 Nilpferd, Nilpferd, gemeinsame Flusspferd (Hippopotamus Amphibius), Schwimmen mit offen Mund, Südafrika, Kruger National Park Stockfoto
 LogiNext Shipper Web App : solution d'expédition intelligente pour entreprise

==

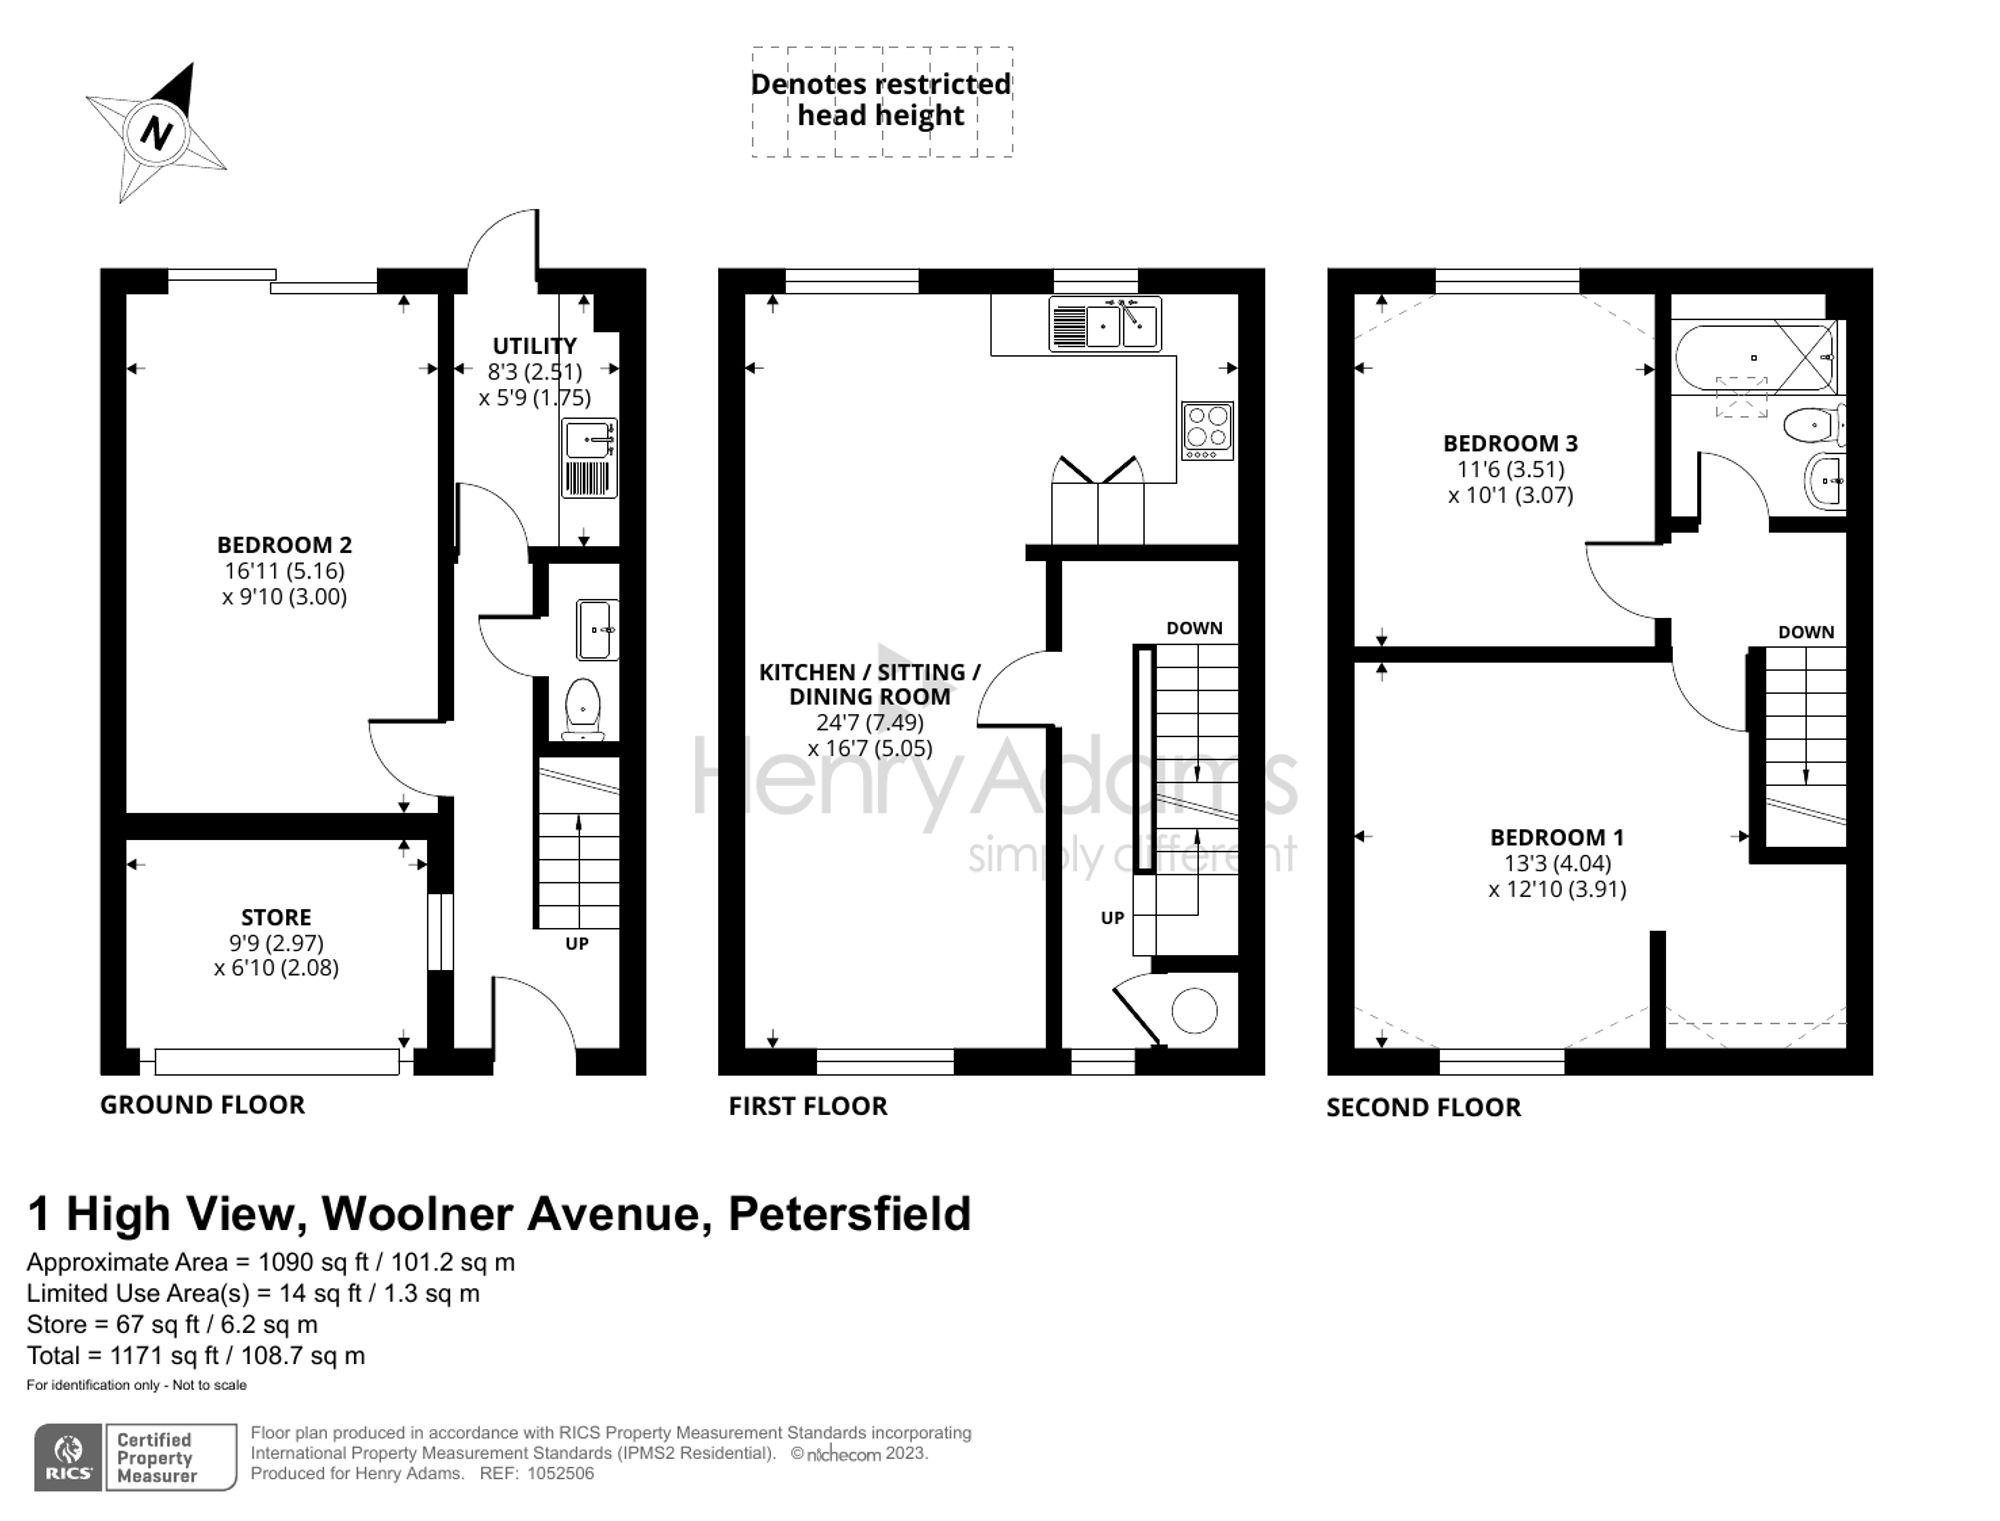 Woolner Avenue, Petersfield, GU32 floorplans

...

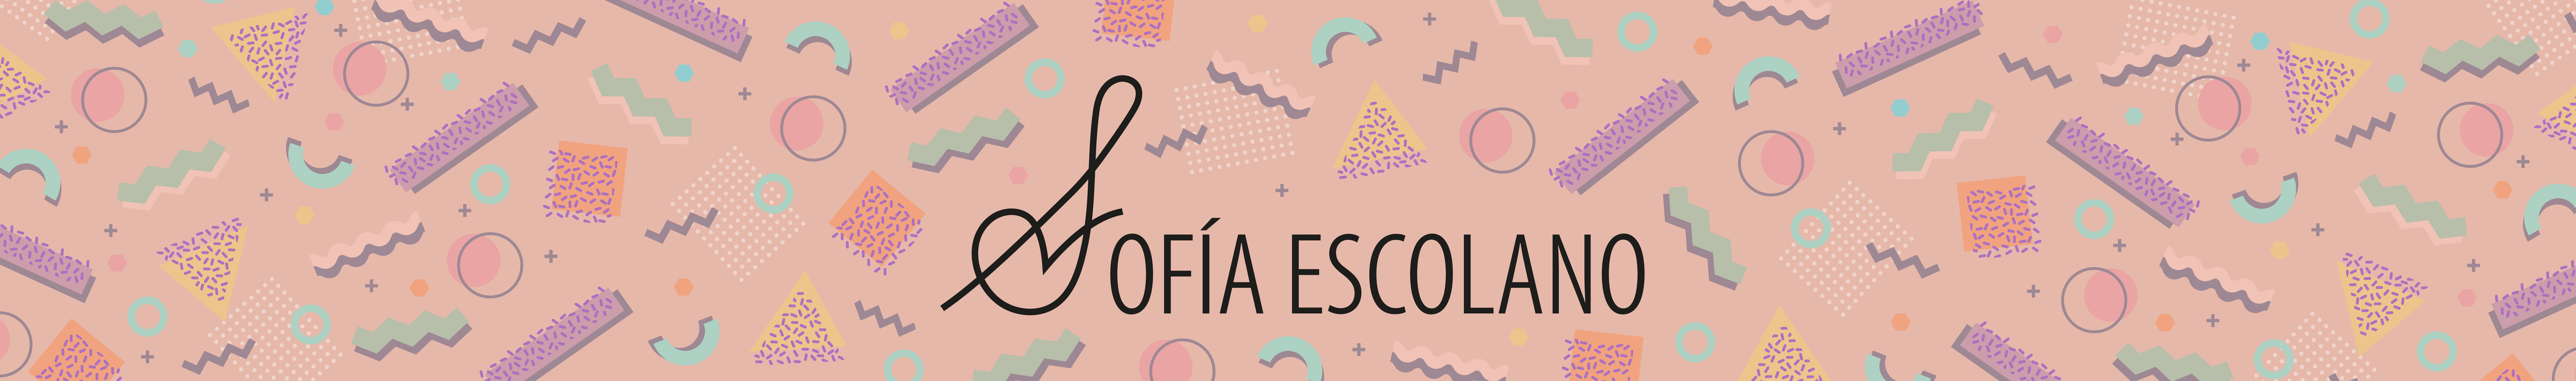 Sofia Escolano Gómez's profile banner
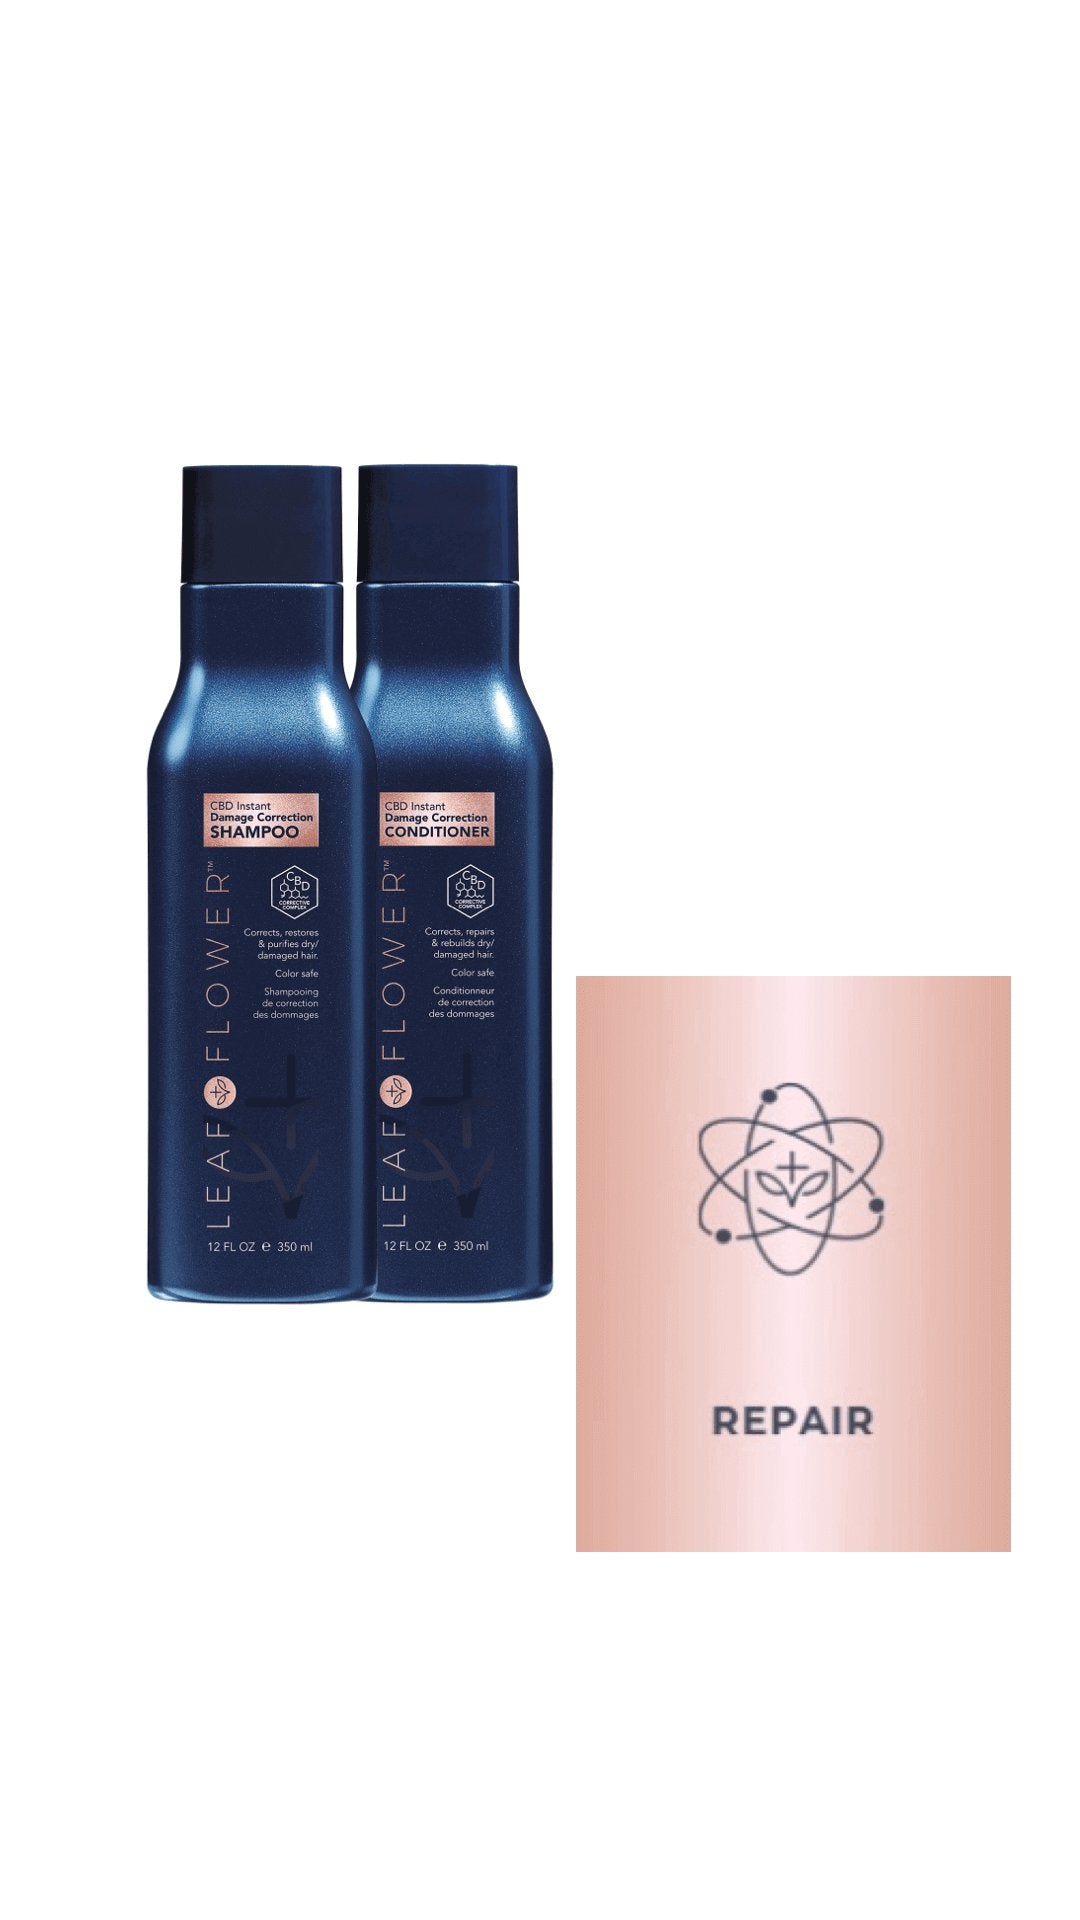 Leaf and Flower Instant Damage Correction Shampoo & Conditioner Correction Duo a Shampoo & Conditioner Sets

Prompt: Treat the line with "Sofia Escolano Gómez's profile banner" as the start and the line with "Leaf and Flower" as the end, and return exactly that span of the data above, both ends included, without pictures.

Written solution:
 Sofia Escolano Gómez's profile banner
 Leaf and Flower Instant Damage Correction Shampoo & Conditioner Correction Duo a Shampoo & Conditioner Sets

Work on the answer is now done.